Try it. For the data that follows, print the line with "Realistic sunglasses. tinted", the line with "PHOTO: Eddie Murphy", and all lines between them, exactly as they stand. Omit pictures and add nothing.

Exercise data.
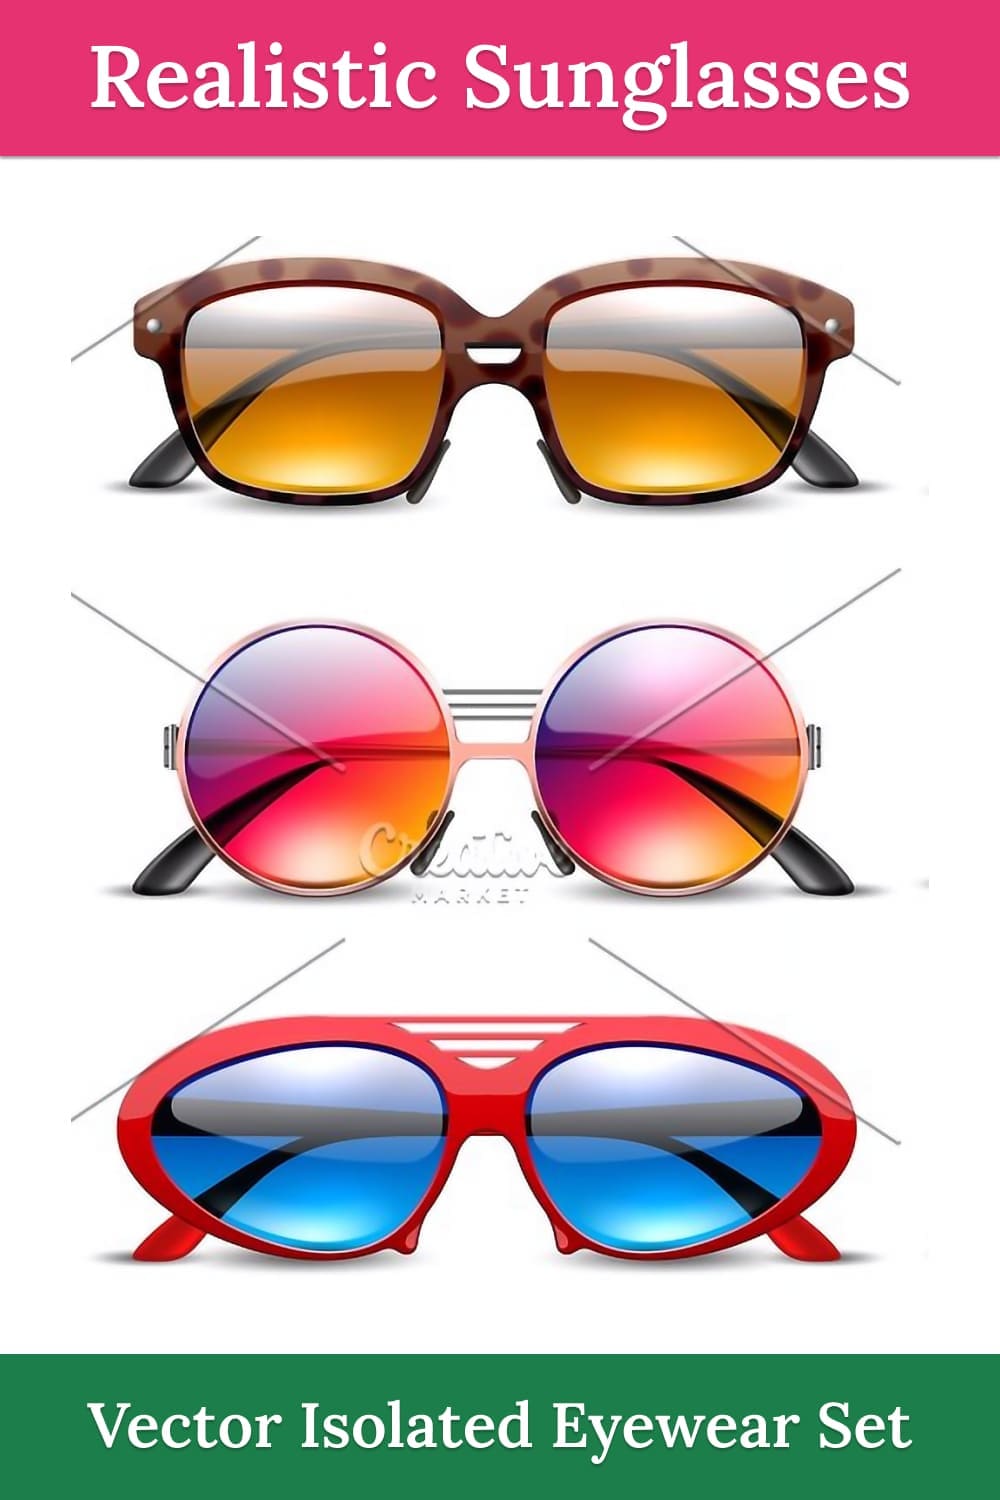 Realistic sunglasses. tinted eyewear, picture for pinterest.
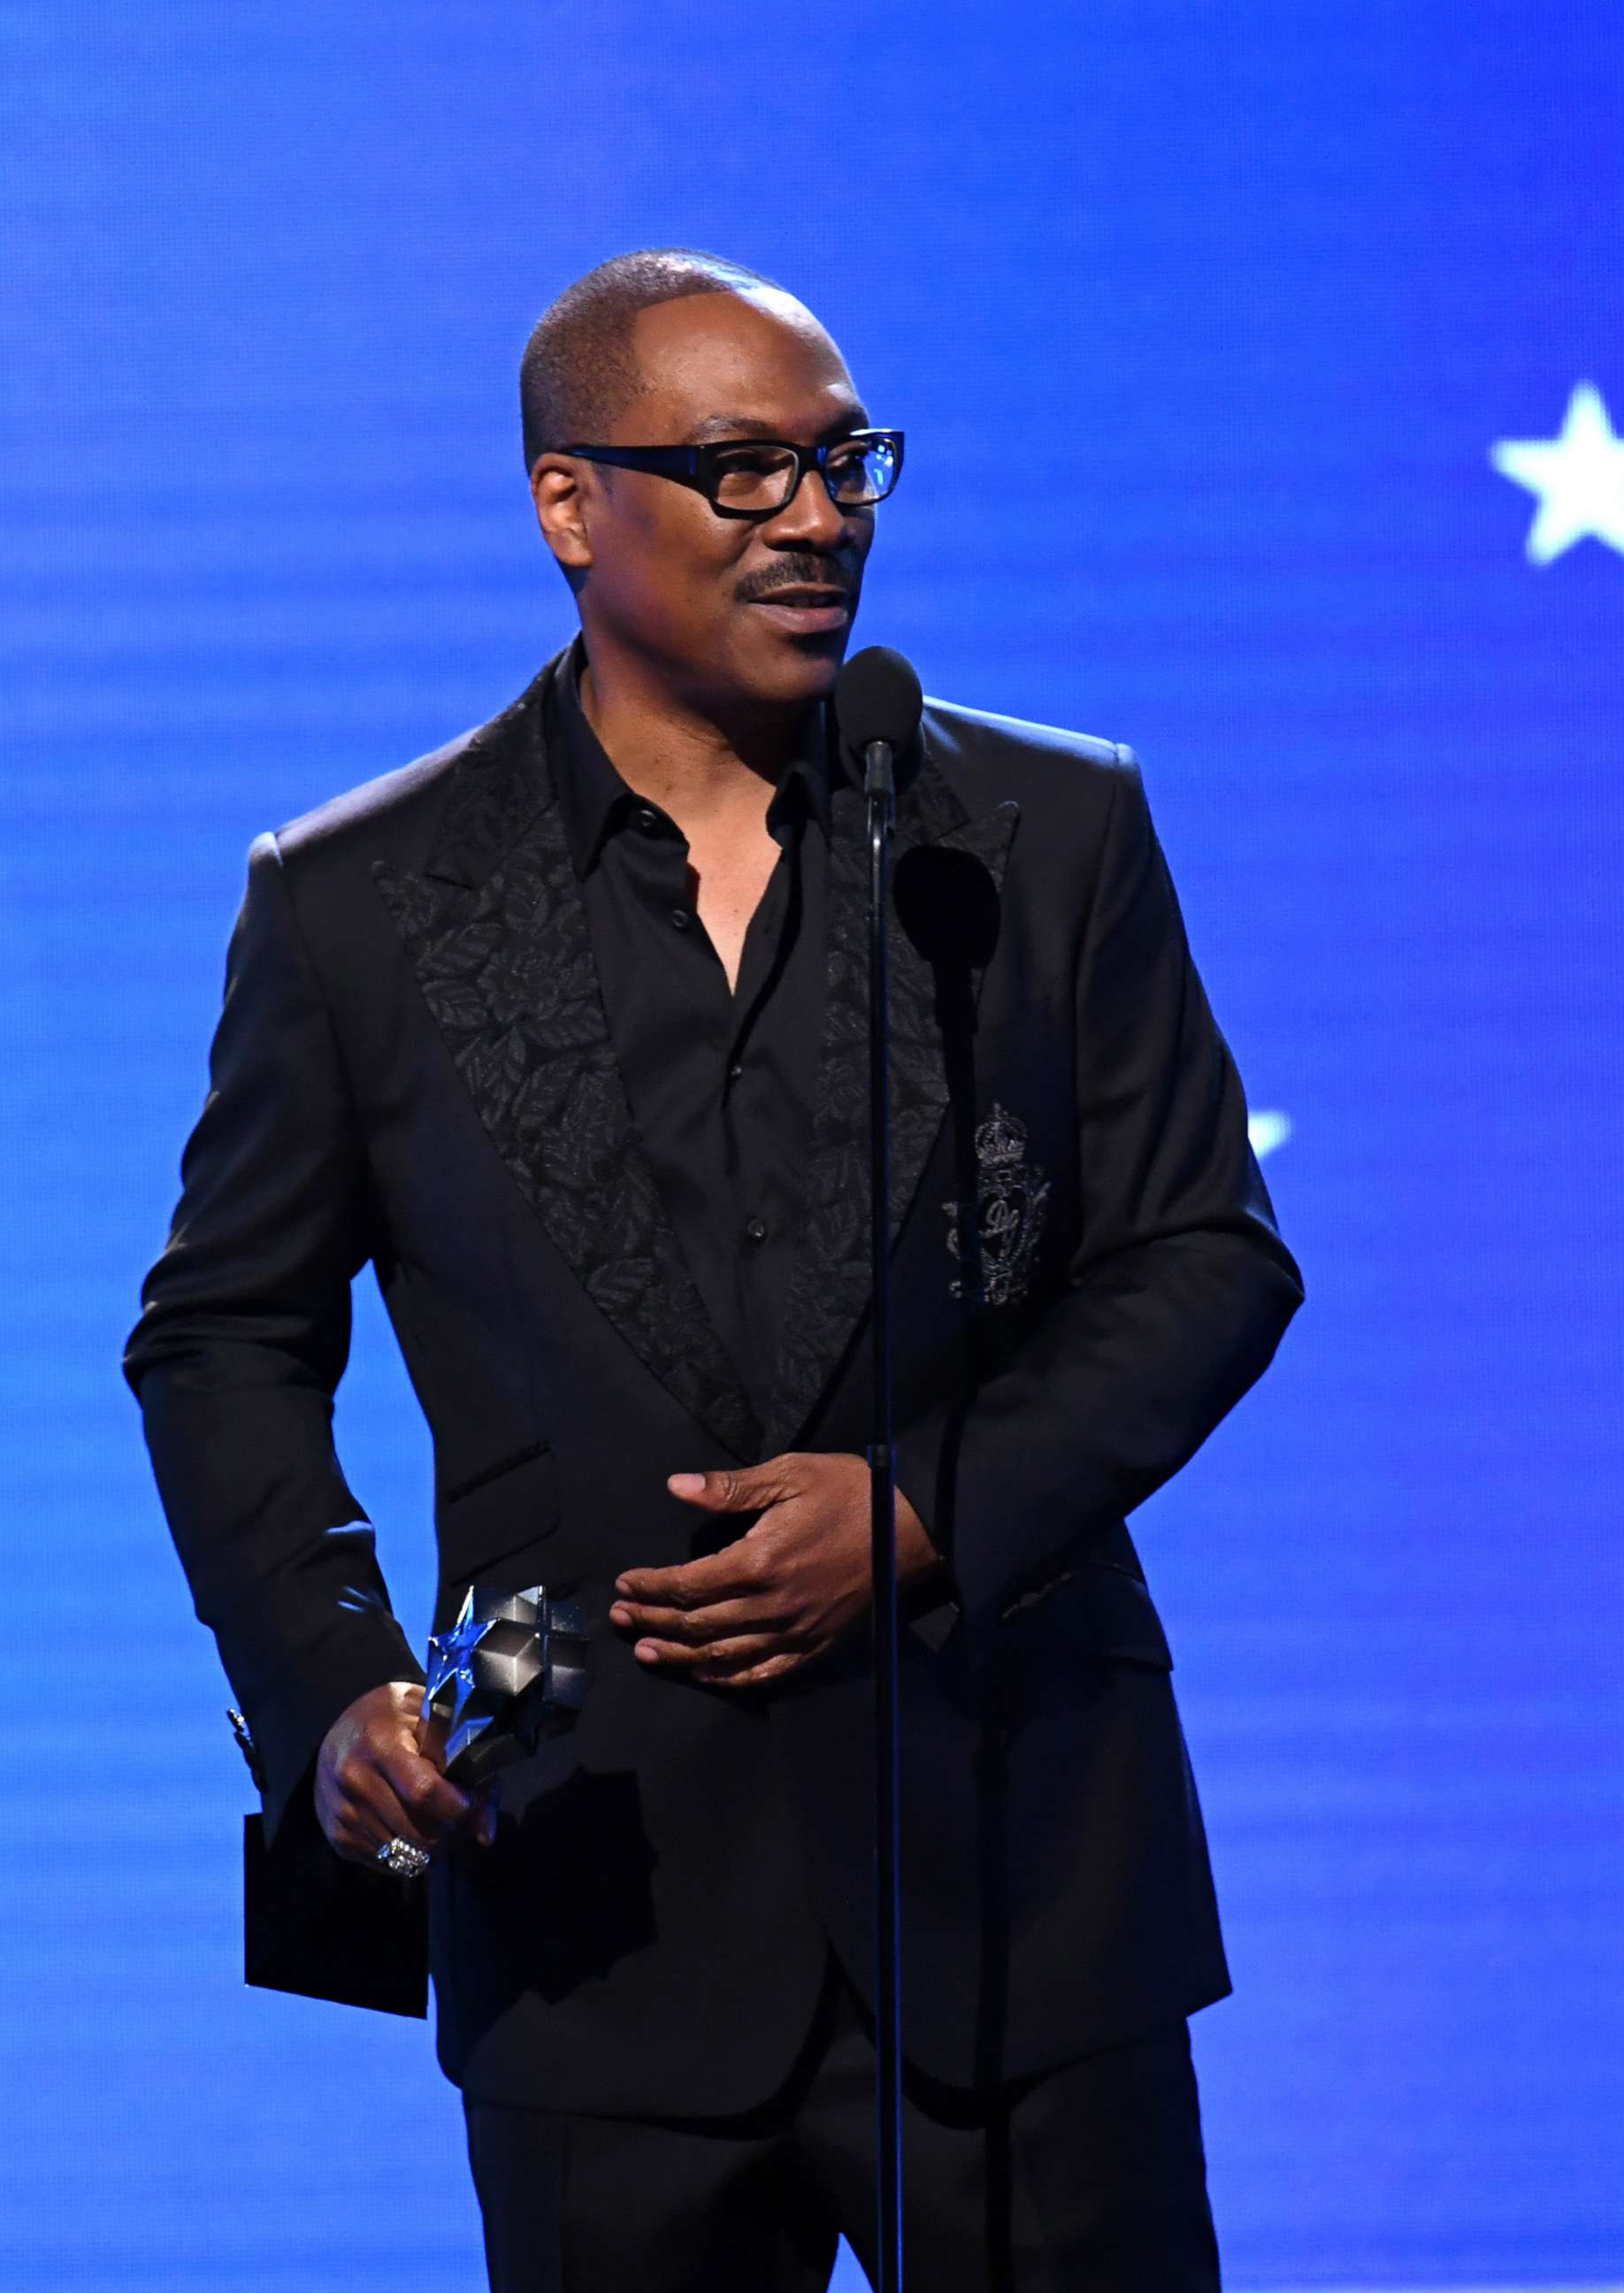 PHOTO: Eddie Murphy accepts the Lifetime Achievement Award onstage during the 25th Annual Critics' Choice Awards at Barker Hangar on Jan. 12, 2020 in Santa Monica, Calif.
--
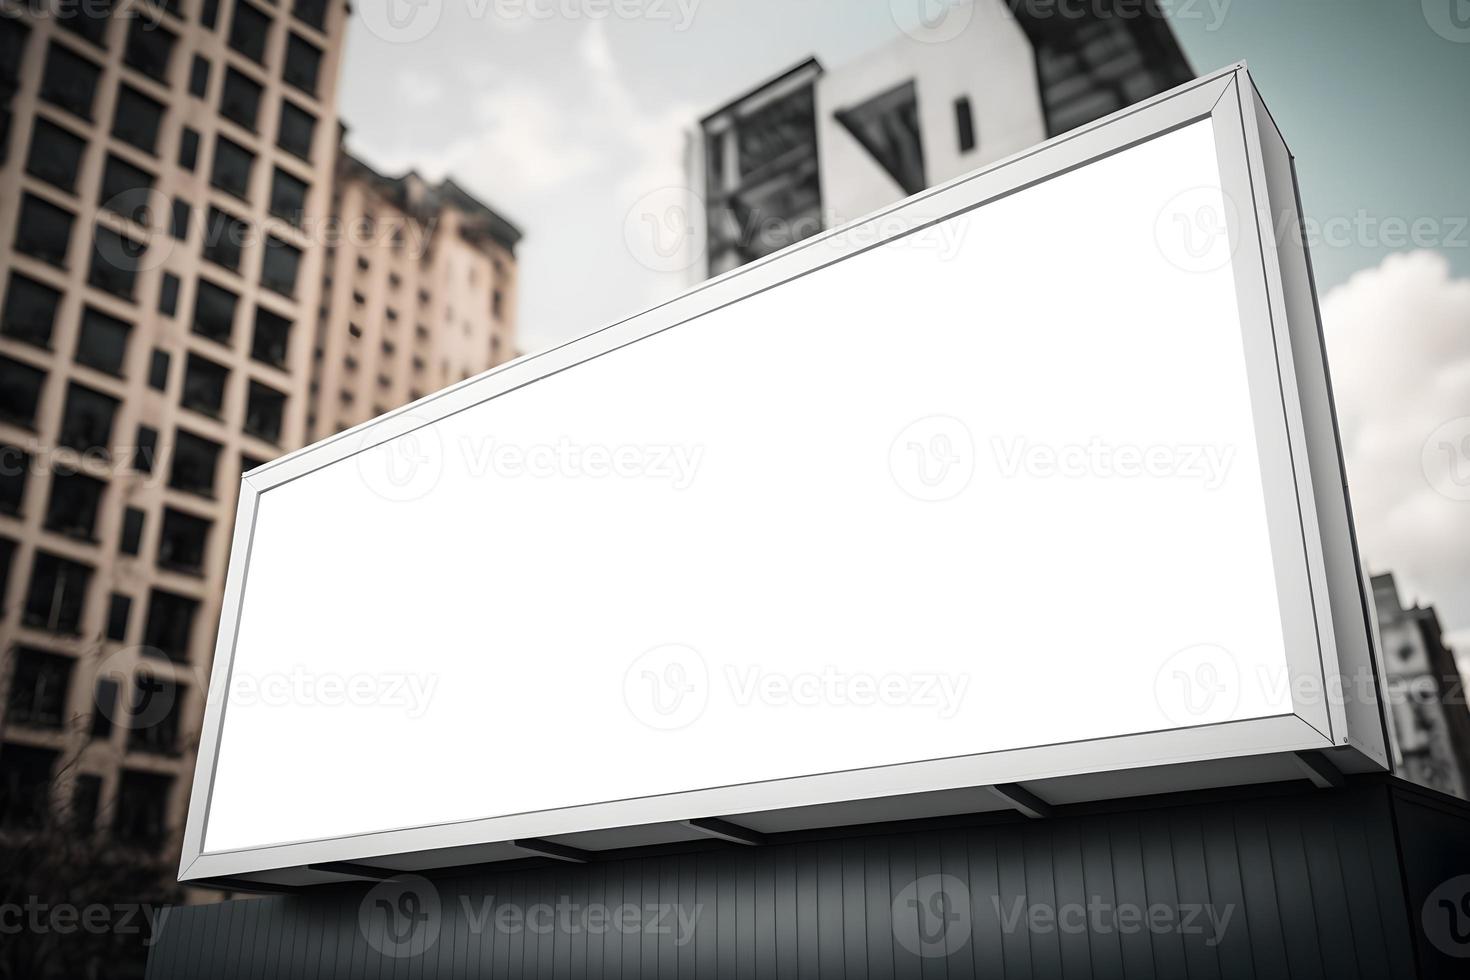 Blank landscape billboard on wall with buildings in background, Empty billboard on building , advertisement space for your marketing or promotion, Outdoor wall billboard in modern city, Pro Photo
--
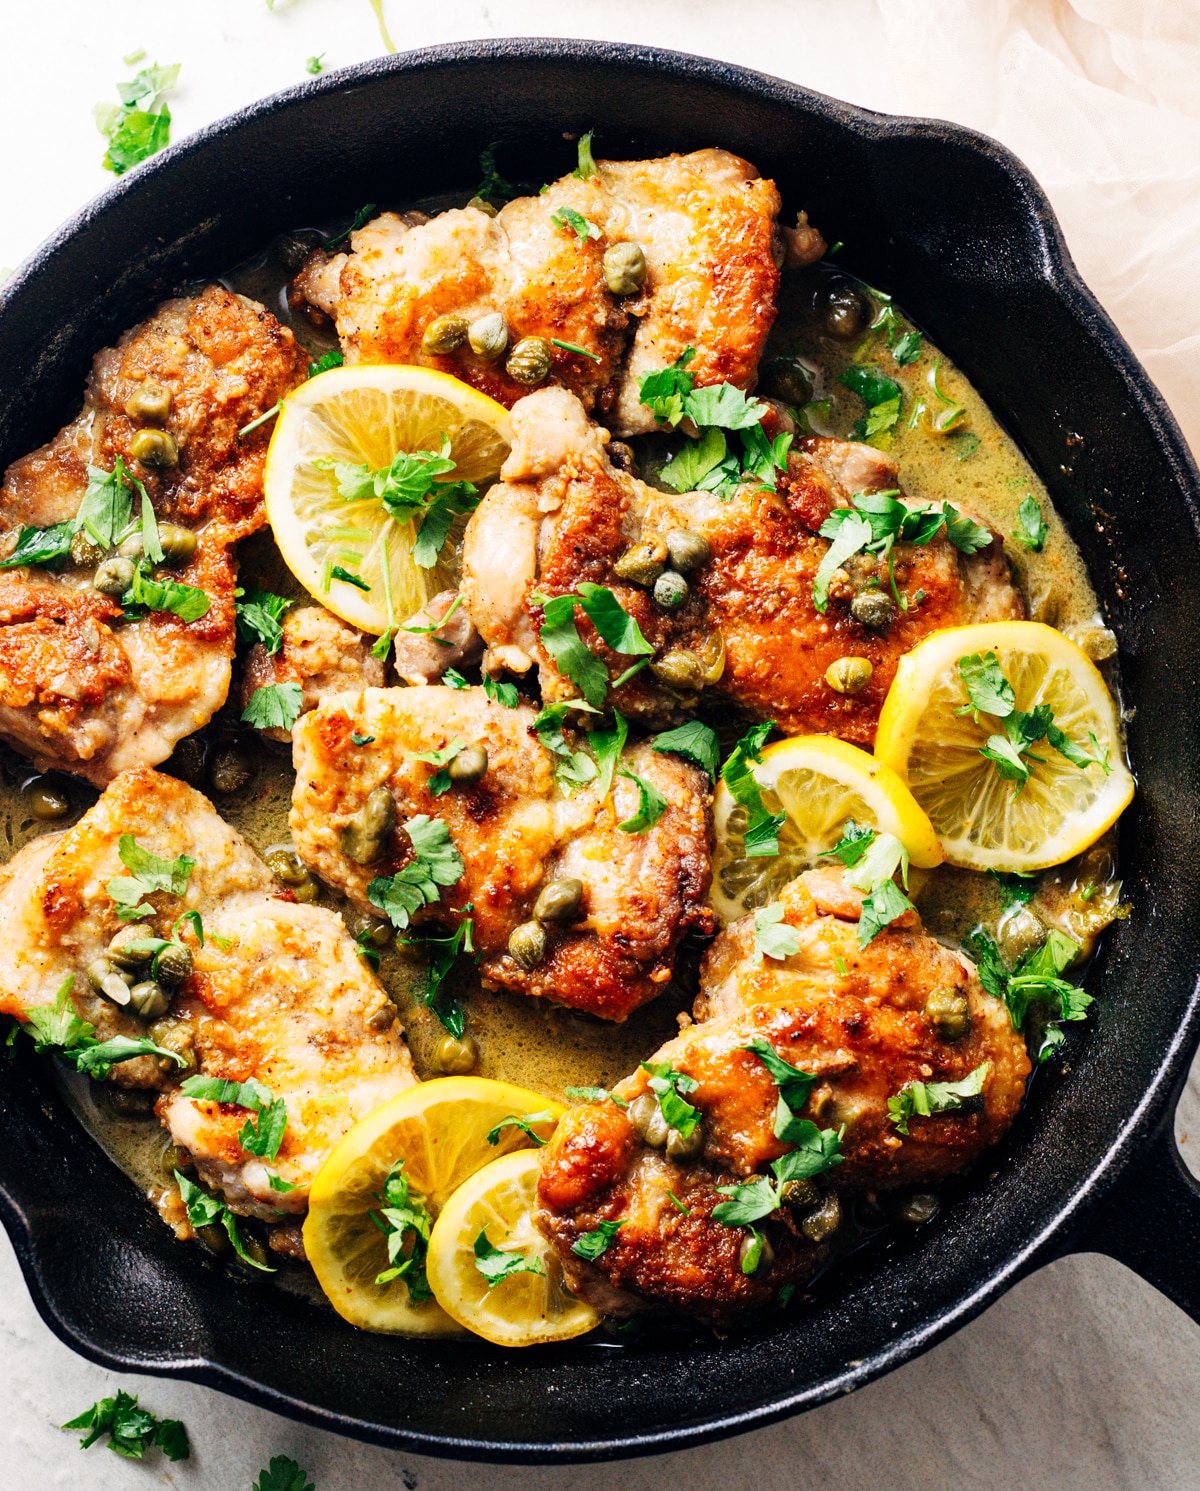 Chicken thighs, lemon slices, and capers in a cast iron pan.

The completed task.
 Realistic sunglasses. tinted eyewear, picture for pinterest.
 PHOTO: Eddie Murphy accepts the Lifetime Achievement Award onstage during the 25th Annual Critics' Choice Awards at Barker Hangar on Jan. 12, 2020 in Santa Monica, Calif.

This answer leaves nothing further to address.